__Description of the task__.
Copy exactly the stretch of data below from the line with "Toyota: addio Auris, nel" through the line with "Diane Arbus, Two", including both of those lines.
=== Record extracts ===
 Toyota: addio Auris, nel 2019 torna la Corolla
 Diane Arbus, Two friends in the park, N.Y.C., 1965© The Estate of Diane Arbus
===
=== Record extracts ===
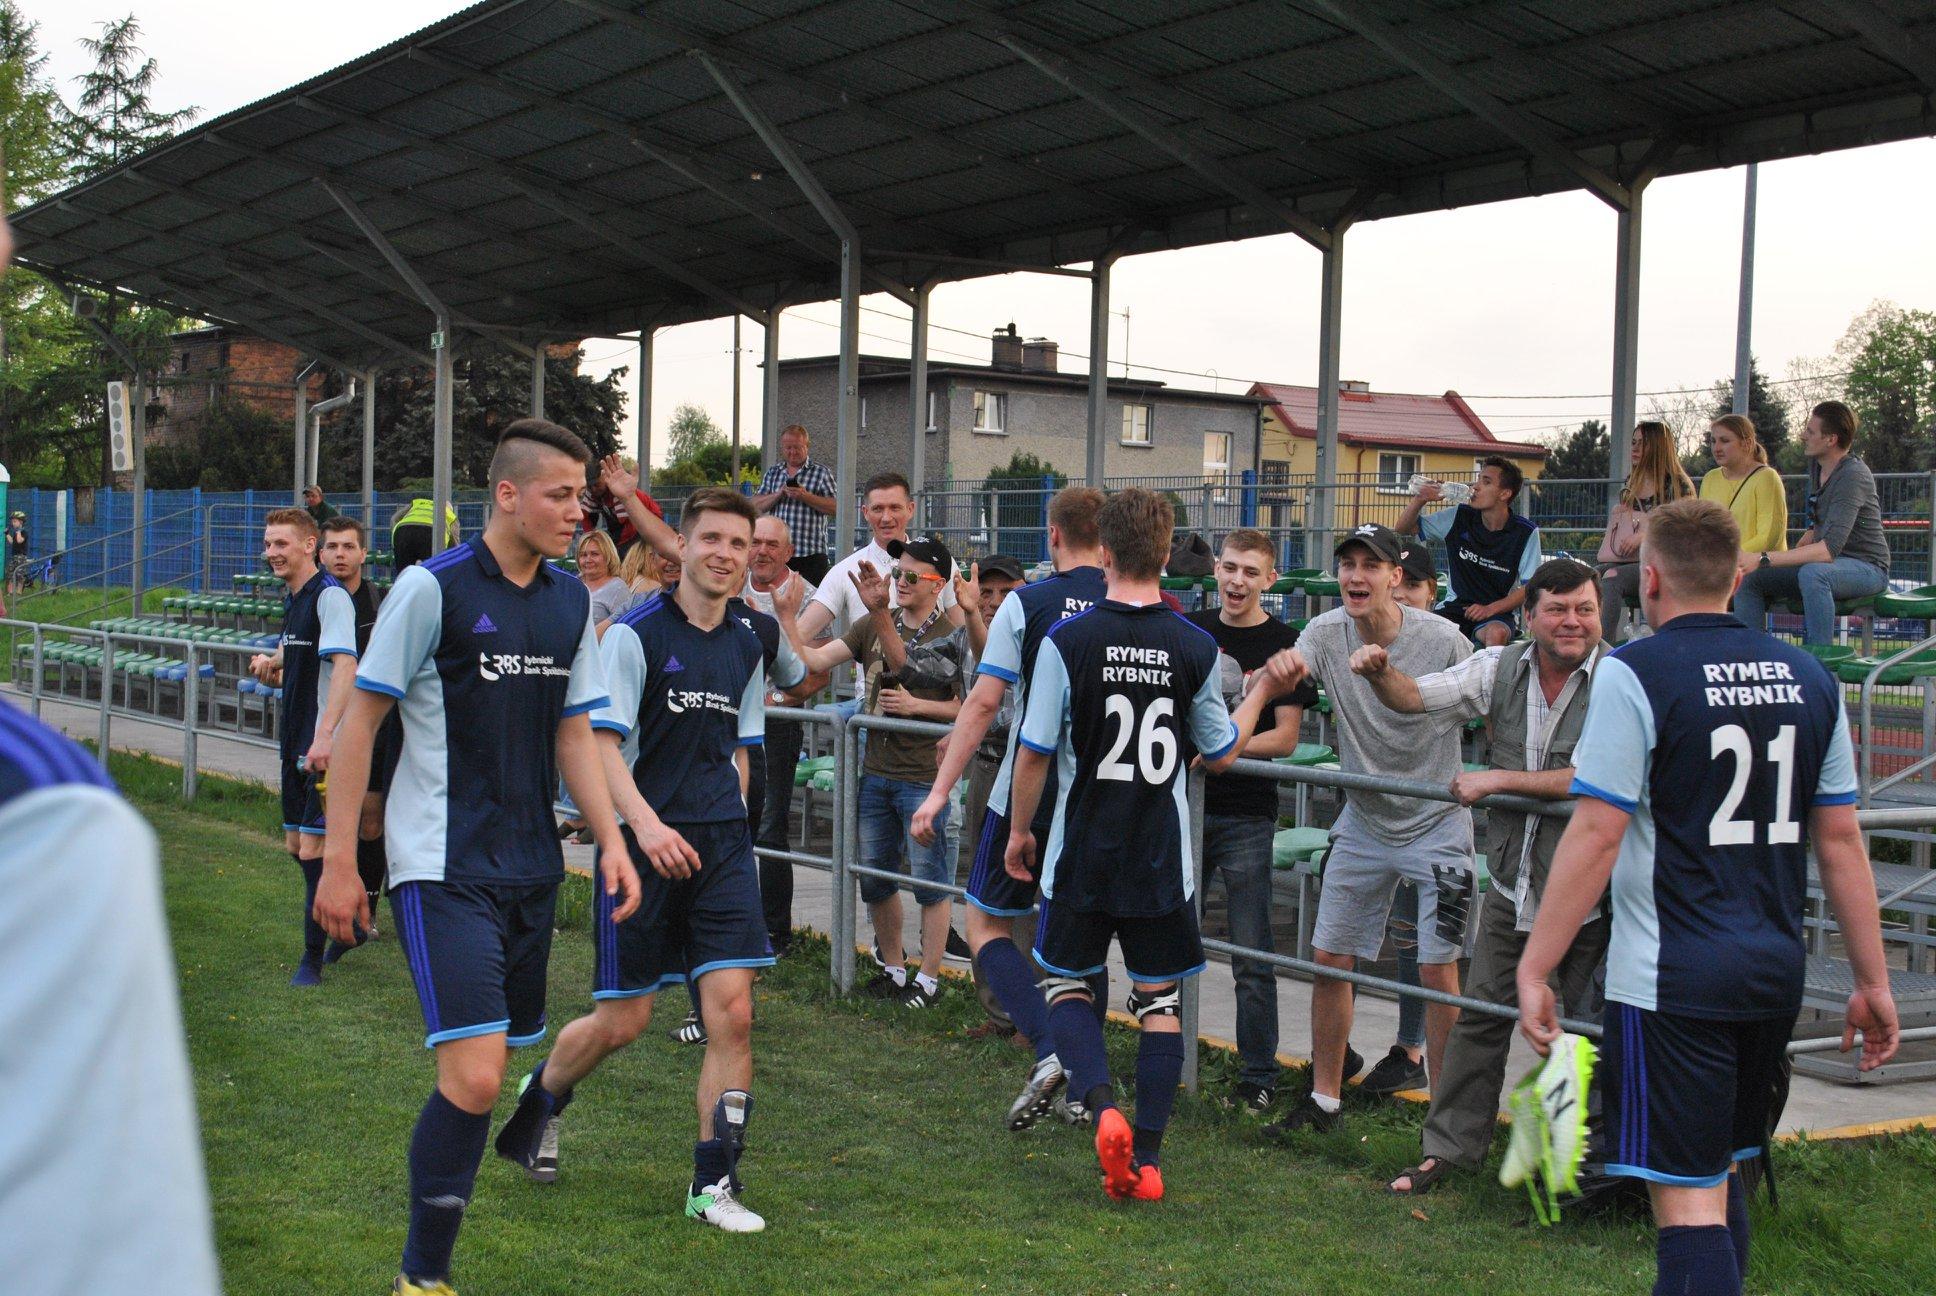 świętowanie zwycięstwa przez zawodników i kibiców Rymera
===
__Solution to this exercise__.
 Toyota: addio Auris, nel 2019 torna la Corolla
 Diane Arbus, Two friends in the park, N.Y.C., 1965© The Estate of Diane Arbus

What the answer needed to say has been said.